What is needed
Return every line of the data below, exactly.

-------- Records to process --------

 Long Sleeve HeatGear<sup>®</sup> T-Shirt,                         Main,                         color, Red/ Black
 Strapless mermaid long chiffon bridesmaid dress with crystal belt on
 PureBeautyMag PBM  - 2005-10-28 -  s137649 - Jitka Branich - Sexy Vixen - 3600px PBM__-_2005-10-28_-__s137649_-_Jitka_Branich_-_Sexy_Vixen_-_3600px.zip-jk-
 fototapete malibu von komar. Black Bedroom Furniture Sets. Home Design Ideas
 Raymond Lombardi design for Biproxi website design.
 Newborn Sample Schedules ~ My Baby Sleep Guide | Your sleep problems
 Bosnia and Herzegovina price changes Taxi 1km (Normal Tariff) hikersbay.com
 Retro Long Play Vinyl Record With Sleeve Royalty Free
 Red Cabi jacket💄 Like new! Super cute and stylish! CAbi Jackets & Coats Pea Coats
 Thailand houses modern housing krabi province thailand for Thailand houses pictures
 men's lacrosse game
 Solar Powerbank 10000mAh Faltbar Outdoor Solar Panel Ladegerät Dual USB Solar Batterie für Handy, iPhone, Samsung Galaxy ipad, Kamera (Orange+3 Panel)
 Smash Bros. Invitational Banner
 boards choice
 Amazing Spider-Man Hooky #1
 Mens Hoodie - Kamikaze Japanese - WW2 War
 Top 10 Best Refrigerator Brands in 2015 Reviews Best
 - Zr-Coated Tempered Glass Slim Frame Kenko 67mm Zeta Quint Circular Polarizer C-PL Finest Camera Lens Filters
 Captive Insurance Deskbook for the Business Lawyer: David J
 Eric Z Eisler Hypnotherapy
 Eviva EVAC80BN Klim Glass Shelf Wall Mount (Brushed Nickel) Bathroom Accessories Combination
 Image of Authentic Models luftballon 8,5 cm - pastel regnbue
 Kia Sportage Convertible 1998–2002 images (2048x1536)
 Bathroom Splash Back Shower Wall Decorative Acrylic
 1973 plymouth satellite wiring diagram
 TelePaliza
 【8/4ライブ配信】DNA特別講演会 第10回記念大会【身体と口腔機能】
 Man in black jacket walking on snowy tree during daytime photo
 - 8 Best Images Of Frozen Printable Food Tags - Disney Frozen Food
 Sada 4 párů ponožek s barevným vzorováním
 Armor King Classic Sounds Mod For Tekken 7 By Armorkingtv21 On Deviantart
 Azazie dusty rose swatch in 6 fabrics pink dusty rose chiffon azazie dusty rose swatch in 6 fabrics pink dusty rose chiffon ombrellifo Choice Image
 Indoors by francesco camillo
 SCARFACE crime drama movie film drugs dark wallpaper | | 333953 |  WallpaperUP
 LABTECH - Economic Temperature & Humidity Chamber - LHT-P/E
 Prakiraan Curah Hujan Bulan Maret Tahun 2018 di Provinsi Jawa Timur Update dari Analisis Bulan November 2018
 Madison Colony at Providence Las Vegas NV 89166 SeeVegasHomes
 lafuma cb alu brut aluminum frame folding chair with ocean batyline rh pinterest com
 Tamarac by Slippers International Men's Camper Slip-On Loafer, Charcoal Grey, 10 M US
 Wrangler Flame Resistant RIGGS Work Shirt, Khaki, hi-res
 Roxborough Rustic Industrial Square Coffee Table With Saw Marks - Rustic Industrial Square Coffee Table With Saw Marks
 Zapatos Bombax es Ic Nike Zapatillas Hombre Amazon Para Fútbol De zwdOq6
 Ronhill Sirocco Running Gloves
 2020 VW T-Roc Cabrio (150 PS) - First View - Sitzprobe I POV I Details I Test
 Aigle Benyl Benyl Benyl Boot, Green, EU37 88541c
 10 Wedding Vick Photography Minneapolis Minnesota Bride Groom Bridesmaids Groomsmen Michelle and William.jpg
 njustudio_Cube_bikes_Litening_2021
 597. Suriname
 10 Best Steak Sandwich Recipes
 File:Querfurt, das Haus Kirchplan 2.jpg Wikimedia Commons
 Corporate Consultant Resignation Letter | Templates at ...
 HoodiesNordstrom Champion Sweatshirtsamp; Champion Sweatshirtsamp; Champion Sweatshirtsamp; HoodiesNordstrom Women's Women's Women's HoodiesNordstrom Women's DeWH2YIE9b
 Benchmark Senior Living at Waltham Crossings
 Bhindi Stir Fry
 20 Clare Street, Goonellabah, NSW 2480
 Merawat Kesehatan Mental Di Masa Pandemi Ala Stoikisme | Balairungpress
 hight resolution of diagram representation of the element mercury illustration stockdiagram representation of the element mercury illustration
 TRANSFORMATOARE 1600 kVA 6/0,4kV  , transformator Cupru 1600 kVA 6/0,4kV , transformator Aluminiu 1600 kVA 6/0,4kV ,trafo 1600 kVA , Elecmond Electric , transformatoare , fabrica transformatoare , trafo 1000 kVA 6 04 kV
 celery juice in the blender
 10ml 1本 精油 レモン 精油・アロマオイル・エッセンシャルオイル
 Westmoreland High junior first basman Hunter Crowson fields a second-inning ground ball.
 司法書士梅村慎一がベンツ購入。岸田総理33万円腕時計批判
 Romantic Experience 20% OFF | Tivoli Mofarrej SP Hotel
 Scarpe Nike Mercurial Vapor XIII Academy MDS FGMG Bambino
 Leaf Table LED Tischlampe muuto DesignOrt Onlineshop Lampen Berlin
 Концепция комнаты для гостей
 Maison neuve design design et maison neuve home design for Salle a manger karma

--------

Result below
 Long Sleeve HeatGear<sup>®</sup> T-Shirt,                         Main,                         color, Red/ Black
 Strapless mermaid long chiffon bridesmaid dress with crystal belt on
 PureBeautyMag PBM  - 2005-10-28 -  s137649 - Jitka Branich - Sexy Vixen - 3600px PBM__-_2005-10-28_-__s137649_-_Jitka_Branich_-_Sexy_Vixen_-_3600px.zip-jk-
 fototapete malibu von komar. Black Bedroom Furniture Sets. Home Design Ideas
 Raymond Lombardi design for Biproxi website design.
 Newborn Sample Schedules ~ My Baby Sleep Guide | Your sleep problems
 Bosnia and Herzegovina price changes Taxi 1km (Normal Tariff) hikersbay.com
 Retro Long Play Vinyl Record With Sleeve Royalty Free
 Red Cabi jacket💄 Like new! Super cute and stylish! CAbi Jackets & Coats Pea Coats
 Thailand houses modern housing krabi province thailand for Thailand houses pictures
 men's lacrosse game
 Solar Powerbank 10000mAh Faltbar Outdoor Solar Panel Ladegerät Dual USB Solar Batterie für Handy, iPhone, Samsung Galaxy ipad, Kamera (Orange+3 Panel)
 Smash Bros. Invitational Banner
 boards choice
 Amazing Spider-Man Hooky #1
 Mens Hoodie - Kamikaze Japanese - WW2 War
 Top 10 Best Refrigerator Brands in 2015 Reviews Best
 - Zr-Coated Tempered Glass Slim Frame Kenko 67mm Zeta Quint Circular Polarizer C-PL Finest Camera Lens Filters
 Captive Insurance Deskbook for the Business Lawyer: David J
 Eric Z Eisler Hypnotherapy
 Eviva EVAC80BN Klim Glass Shelf Wall Mount (Brushed Nickel) Bathroom Accessories Combination
 Image of Authentic Models luftballon 8,5 cm - pastel regnbue
 Kia Sportage Convertible 1998–2002 images (2048x1536)
 Bathroom Splash Back Shower Wall Decorative Acrylic
 1973 plymouth satellite wiring diagram
 TelePaliza
 【8/4ライブ配信】DNA特別講演会 第10回記念大会【身体と口腔機能】
 Man in black jacket walking on snowy tree during daytime photo
 - 8 Best Images Of Frozen Printable Food Tags - Disney Frozen Food
 Sada 4 párů ponožek s barevným vzorováním
 Armor King Classic Sounds Mod For Tekken 7 By Armorkingtv21 On Deviantart
 Azazie dusty rose swatch in 6 fabrics pink dusty rose chiffon azazie dusty rose swatch in 6 fabrics pink dusty rose chiffon ombrellifo Choice Image
 Indoors by francesco camillo
 SCARFACE crime drama movie film drugs dark wallpaper | | 333953 |  WallpaperUP
 LABTECH - Economic Temperature & Humidity Chamber - LHT-P/E
 Prakiraan Curah Hujan Bulan Maret Tahun 2018 di Provinsi Jawa Timur Update dari Analisis Bulan November 2018
 Madison Colony at Providence Las Vegas NV 89166 SeeVegasHomes
 lafuma cb alu brut aluminum frame folding chair with ocean batyline rh pinterest com
 Tamarac by Slippers International Men's Camper Slip-On Loafer, Charcoal Grey, 10 M US
 Wrangler Flame Resistant RIGGS Work Shirt, Khaki, hi-res
 Roxborough Rustic Industrial Square Coffee Table With Saw Marks - Rustic Industrial Square Coffee Table With Saw Marks
 Zapatos Bombax es Ic Nike Zapatillas Hombre Amazon Para Fútbol De zwdOq6
 Ronhill Sirocco Running Gloves
 2020 VW T-Roc Cabrio (150 PS) - First View - Sitzprobe I POV I Details I Test
 Aigle Benyl Benyl Benyl Boot, Green, EU37 88541c
 10 Wedding Vick Photography Minneapolis Minnesota Bride Groom Bridesmaids Groomsmen Michelle and William.jpg
 njustudio_Cube_bikes_Litening_2021
 597. Suriname
 10 Best Steak Sandwich Recipes
 File:Querfurt, das Haus Kirchplan 2.jpg Wikimedia Commons
 Corporate Consultant Resignation Letter | Templates at ...
 HoodiesNordstrom Champion Sweatshirtsamp; Champion Sweatshirtsamp; Champion Sweatshirtsamp; HoodiesNordstrom Women's Women's Women's HoodiesNordstrom Women's DeWH2YIE9b
 Benchmark Senior Living at Waltham Crossings
 Bhindi Stir Fry
 20 Clare Street, Goonellabah, NSW 2480
 Merawat Kesehatan Mental Di Masa Pandemi Ala Stoikisme | Balairungpress
 hight resolution of diagram representation of the element mercury illustration stockdiagram representation of the element mercury illustration
 TRANSFORMATOARE 1600 kVA 6/0,4kV  , transformator Cupru 1600 kVA 6/0,4kV , transformator Aluminiu 1600 kVA 6/0,4kV ,trafo 1600 kVA , Elecmond Electric , transformatoare , fabrica transformatoare , trafo 1000 kVA 6 04 kV
 celery juice in the blender
 10ml 1本 精油 レモン 精油・アロマオイル・エッセンシャルオイル
 Westmoreland High junior first basman Hunter Crowson fields a second-inning ground ball.
 司法書士梅村慎一がベンツ購入。岸田総理33万円腕時計批判
 Romantic Experience 20% OFF | Tivoli Mofarrej SP Hotel
 Scarpe Nike Mercurial Vapor XIII Academy MDS FGMG Bambino
 Leaf Table LED Tischlampe muuto DesignOrt Onlineshop Lampen Berlin
 Концепция комнаты для гостей
 Maison neuve design design et maison neuve home design for Salle a manger karma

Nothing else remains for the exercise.